13. (a) The cosine of the angle between vector P and the x-axis can be found using the formula: cosine of the angle = P dot i / (magnitude of P * magnitude of i). In this case, the magnitude of vector P is given as -4i + 6j, and the magnitude of i is 1 unit.
(b) The cosine of the angle between vector P and the y-axis can be found using the formula: cosine of the angle = P dot j / (magnitude of P * magnitude of j). In this case, the magnitude of vector P is given as -4i + 6j, and the magnitude of j is 1 unit.
14. (a) The time required for the ball to hit the ground can be found using the kinematic equation: final velocity = initial velocity + acceleration * time. In this case, the initial velocity is 10 m/s, the final velocity is 0 m/s (since it hits the ground), and the acceleration is -10 m/s² (due to gravity). Solving for time will give the required answer.

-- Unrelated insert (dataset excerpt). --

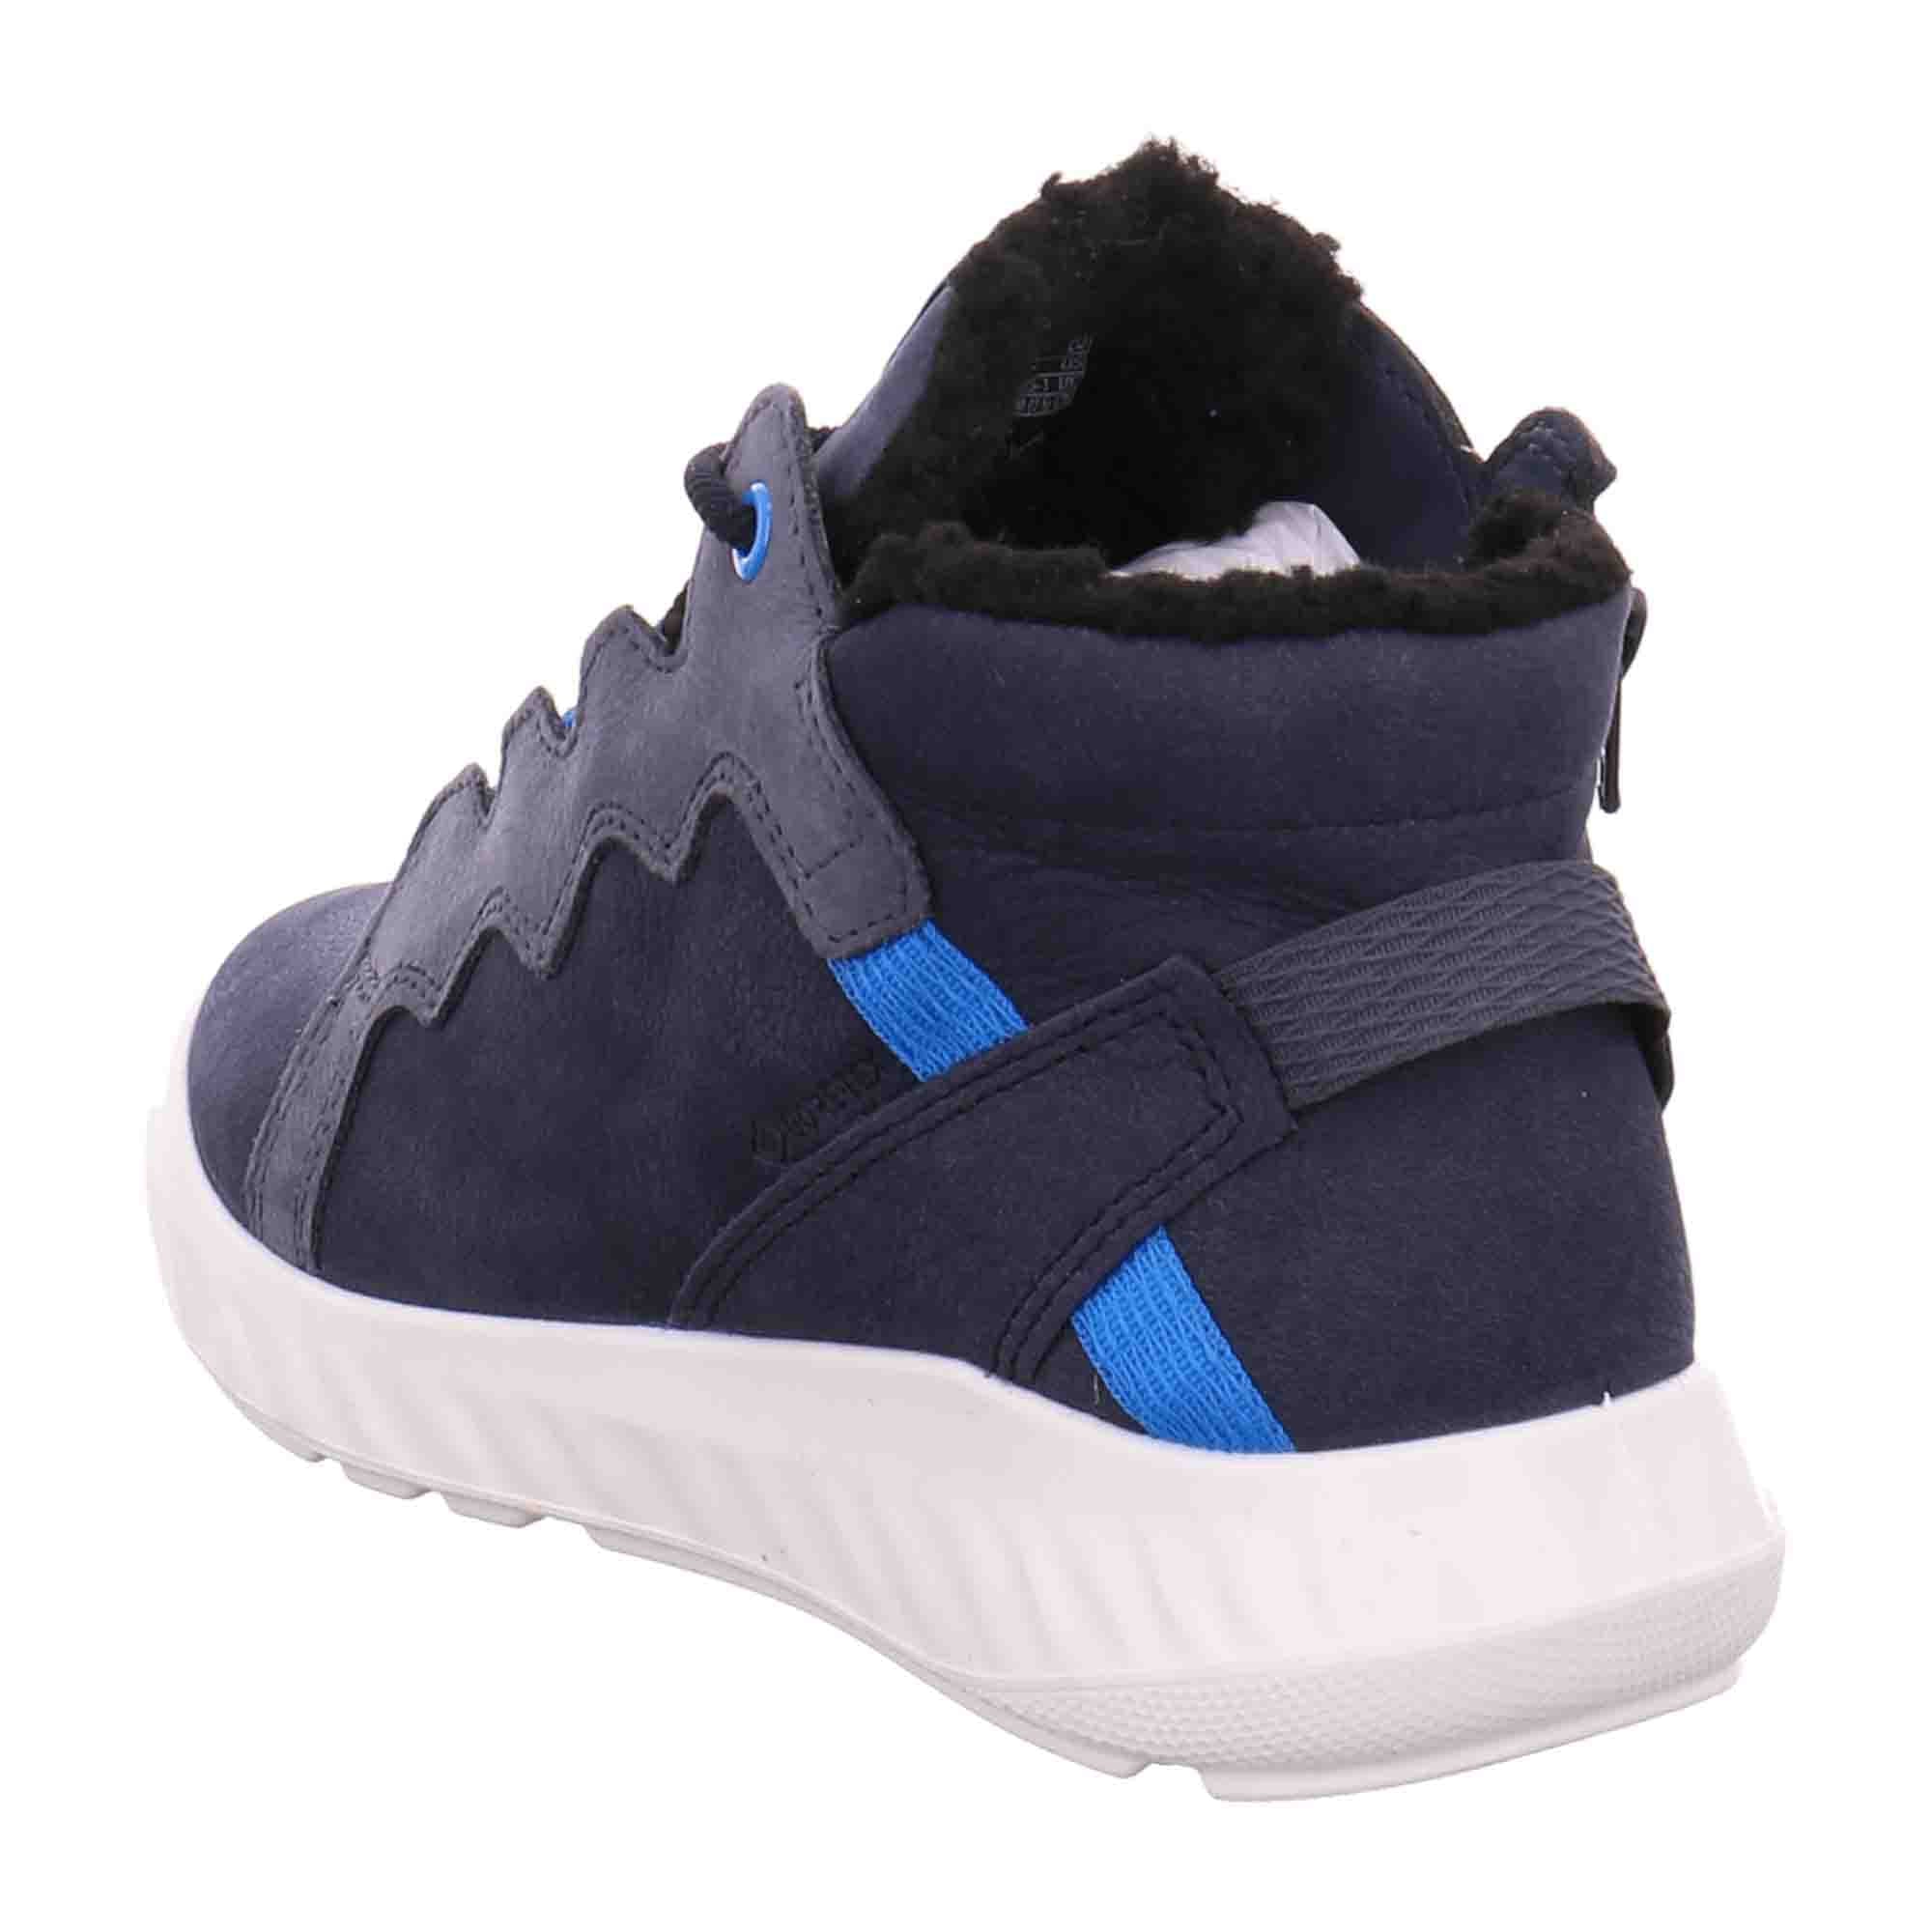 Ecco Kids Blue Shoes for Children - Durable & Stylish

(b) The velocity with which the ball hits the ground can be found using the formula: final velocity = initial velocity + acceleration * time. In this case, the initial velocity is 10 m/s, the acceleration is -10 m/s², and the time can be found in part (a). Solving for final velocity will give the required answer.
15. A) To find the vector that must be added to vector C of 10 km, east in order to give a resultant vector of 15 km, east, we can subtract vector C from the resultant vector. Therefore, the required vector is 15 km, east - 10 km, east.
B) To find the vector that must be added to vector C of 10 km, east in order to give a resultant vector of 15 km, west, we can subtract vector C from the resultant vector. Therefore, the required vector is 15 km, west - 10 km, east.